In honor of Dion’s 83rd birthday, we are featuring one of his greatest albums, a folk- blues classic from the ’60s.
What is not generally known about Dion is how good a blues guitarist he is. While his instrumental skills are a revelation on this record, equally astounding is how dramatically he reinvented himself from being one of the great pop singers to being perhaps the best white blues singer alive. Check out his albums ‘Bronx in Blue’ and ‘Son of Skip James’ once you get on the Dion blues train.
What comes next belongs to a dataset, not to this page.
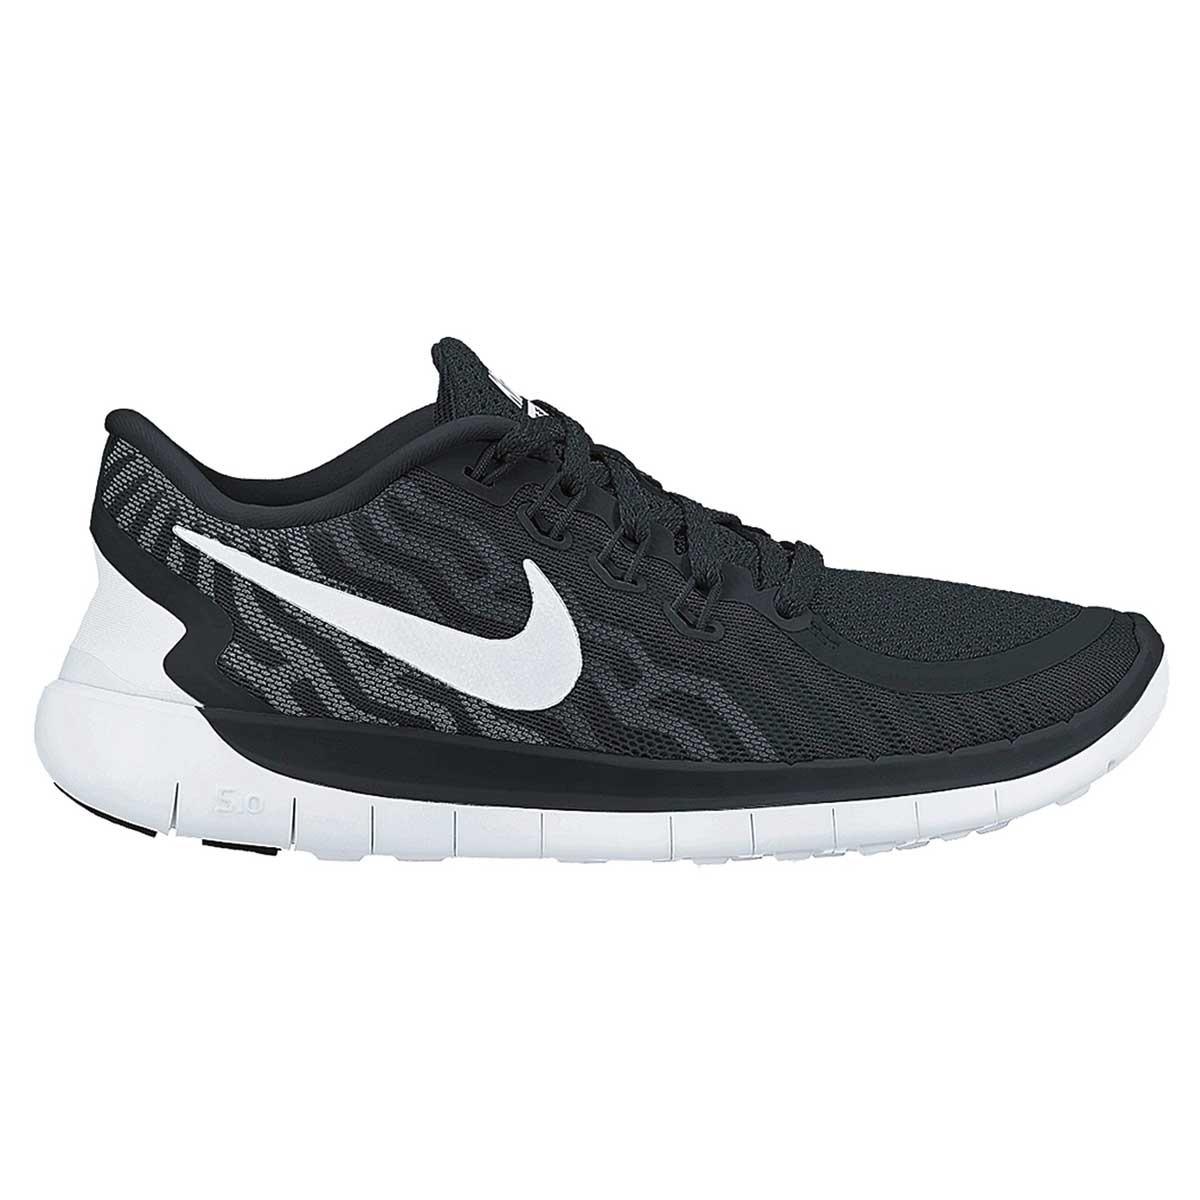 2fee9c0f6f2b Nike Free Run 5.0 Men s - Lazybee

Here though is where to start – with this Columbia recording long forgotten, but now available in both vinyl and digital formats.
It’s replete with sundry blues interpretations; the rambling Brownie McGhee workout called “Southern Train” and an especially glorious, atmospheric rendering of Woody Guthrie’s “900 Miles” are mesmerizing and authoritative; a slow-burning 1963 piano arrangement of “Baby Please Don’t Go” flashes bit of Ray Charles élan; “Seventh Son,” borrowed from Mose Allison’s arrangement, sounds like the apocalypse, withering guitar wreckage pushing a doomsday vocal.
Yet as convincing as these performances are, it’s the experimental, finger-on-the-pulse-of-1965 folk/rock material that’s most fascinating. “It’s All Over Now, Baby Blue”, taking a page from The Byrds’ “Feel A Whole Lot Better” is – improbably – a candidate for definitive version of this great song. Dion pours it all out here, with an impassioned, beautifully melodic vocal, infusing the lyric with an eloquent, measured desperation Amazingly, Columbia weren’t completely enthused, but heard enough promise to match the singer up with Wilson, fresh off groundbreaking Dylan sessions and on his way to a Velvet Underground rendezvous.
Wilson, along with keyboardist Al Kooper, renewed and refracted their innovative Highway 61 sound – chiming guitars, crashing drums, ghostly organ, world-weary harmonies, the singer leaning hard into the lyric. DiMucci, for his part, responded by forming a tough new band – The Wanderers – and writing impeccable, introspective new material that, with benefit of hindsight, provides a link from Dylan to Greenwich Village brethren like Fred Neil, Tim Buckley, and Tim Hardin.
The key artifact is a slice of transcendent folk/rock glory: “Now”. Riding a gentle, carnival melody and existential lyric (which subtly answers “Like A Rolling Stone” in its dramatic chorus: “No-one knows better than I how you feel”), “Now” is a live-for-the-moment tour de force, a masterpiece of tone, verve, sustain-and-release, and breathless pop immediacy.
“Wake Up Baby” and “Knowing I Won’t Go Back There” two further Dion originals, nearly scale the heights, while an obscure Dylan composition, “Farewell”, receives a gorgeous reading. The title track, meanwhile, is a fitting metaphor for the whole album: an expansive cover of Tom Paxton’s ode to an uncertain future, Dion’s soaring vocal is tucked into a cascade of strings, keyboards, and those melancholy harmonies. Whatever the uncertain circumstances of its conception, it’s nothing short of immaculate.
“Wonder Where I’m Bound” was originally released in 1969 in the wake of Dion’s “Abraham, Martin and John” comeback single, which had reached number four on the pop charts. The single was the latest in a string of successes for producer Phil Gernhard, who had turned to Dion to record it after reportedly considering and rejecting around 300 acts.
“Abraham, Martin and John” had received both critical acclaim and commercial success, with Billboard calling it one of Dion’s “best performances of all time” (Billboard, September 28, 1968). The challenge was to sustain this by releasing material that complemented Dion’s new folk rock sound. A number of unreleased recordings that Dion had made at Columbia were brought together, including his folk-rock reading of Tom Paxton’s “I Can’t Help But Wonder Where I’m Bound,” which had been recorded in 1965 and now had strings added to match the style of “Abraham, Martin and John.”
Included with the vinyl edition is a wonderfully informative 16 page booklet.